401(k) PROFIT SHARING PLAN

Notes to Financial Statements

December 31, 2001 and 2000

(1)    Description of Plan
 
     The following description of the American National Financial, Inc. (the Company) 401(k) Profit Sharing Plan (the Plan) provides only general information. Participants should refer to the Plan agreement for a more complete description of the Plan’s provisions.

        (a)    General
 
             The Plan is a defined contribution Plan covering employees of the Company who are at least 18 years of age and have completed 3 months of service and elect to participate in the Plan. Employees covered under a collective bargaining agreement, temporary employees, and leased employees are not eligible to participate in the Plan. Any employee not regularly scheduled to work at least 20 hours per week shall be excluded from the Plan unless such employee actually completes one year of service, which is defined as 1,000 hours of service. The Plan is subject to the provisions of the Employee Retirement Income Security Act of 1974 (ERISA).
 
        (b)    Plan Mergers
 
             The accompanying statement of changes in net assets available for benefits includes a transfer into the Plan of $63,880 from the Emerald Mortgagee Assistance Company, LLC 401(k) Profit Sharing Plan (Emerald Mortgagee Plan). This transfer is a result of the merger of the Emerald Mortgagee Plan effective August 31, 2001.
 
        (c)    Contributions
 
             Each year, participants may contribute up to 15% of their pretax annual compensation, as defined by the Plan.

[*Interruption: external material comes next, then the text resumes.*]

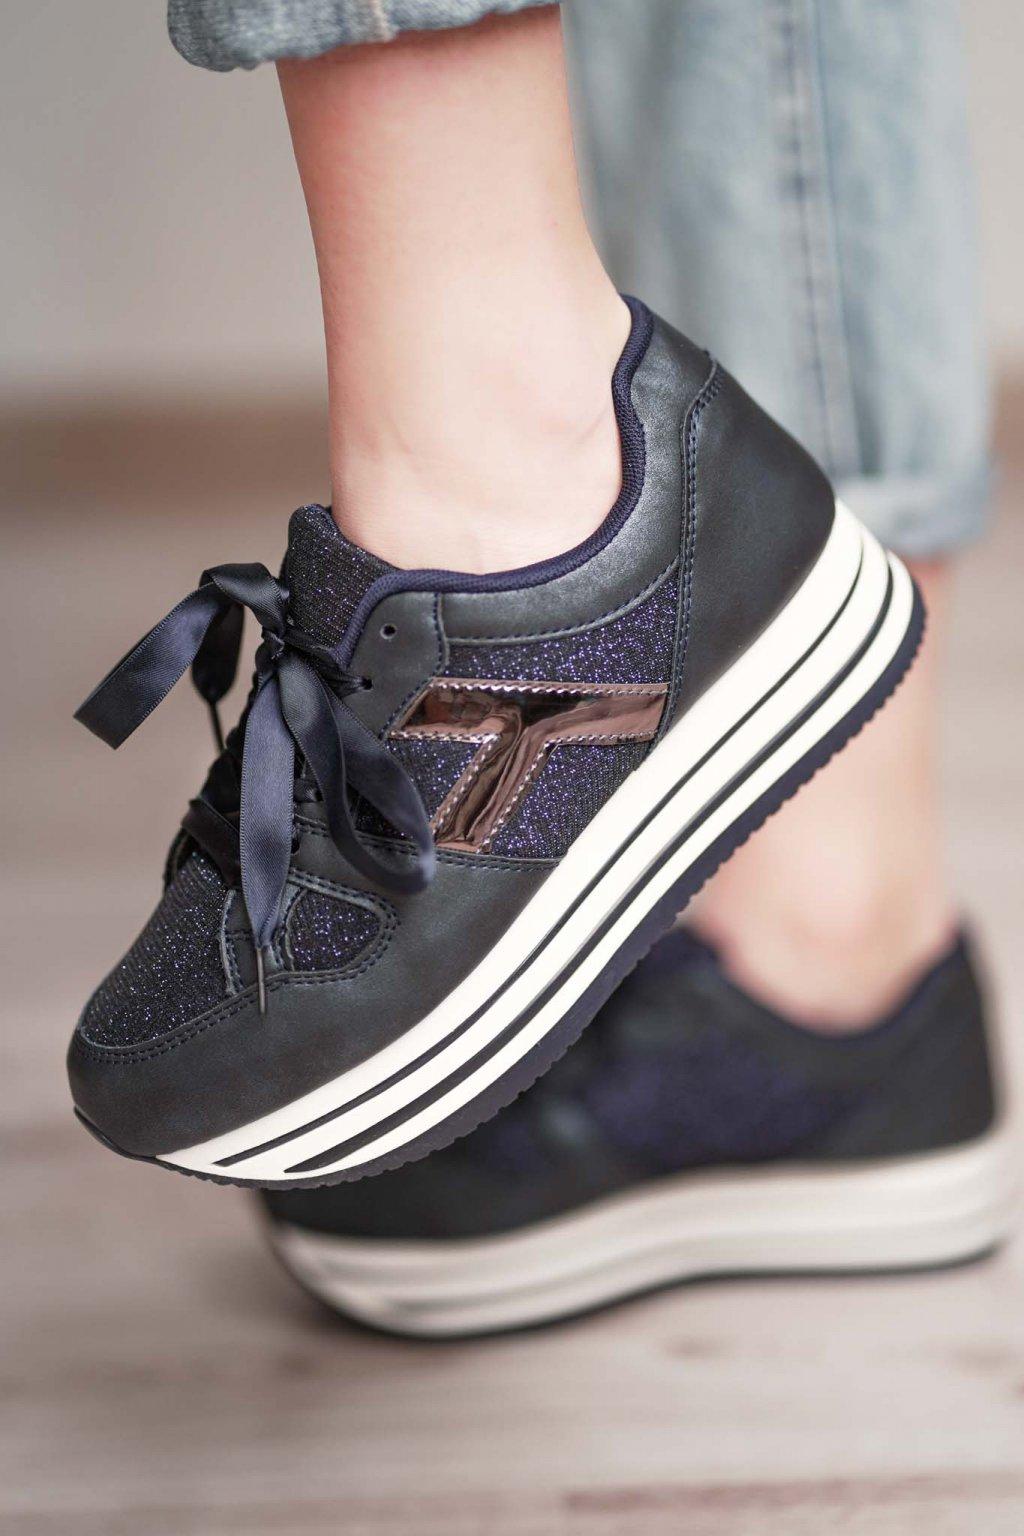 topánky, obuv, tenisky, botasky, lodičky, čižmy, šľapky, sandálky 428

Participants may also contribute amounts representing distributions from other qualified plans. The Plan does not provide for employer contributions. Contributions are subject to certain limitations.
 
        (d)    Participant Accounts
 
             Each participant’s account is credited with the participant’s contribution and allocations of Plan earnings and is charged with an allocation of losses. Allocations of Plan earnings and expenses are made according to the ratio that a participant’s account balance in the fund bears to the total of all participant account balances in the fund.
 
        (e)    Participant Loans
 
             Participants may borrow from their fund accounts a minimum of $1,000 up to a maximum equal to the lesser of $50,000 reduced by the highest outstanding loan balance during the preceding 12 months or 50% of their account balance. The loans are secured by the balance in the participant’s account and bear interest at a rate commensurate with local prevailing rates as determined by the Plan administrator. Loan terms range from 1-5 years or up to 10 years for the purchase of a primary residence. Interest rates range from 5.75% to 10.50% on loans outstanding as of December 31, 2001. Principal and interest are paid ratably through semimonthly payroll deductions.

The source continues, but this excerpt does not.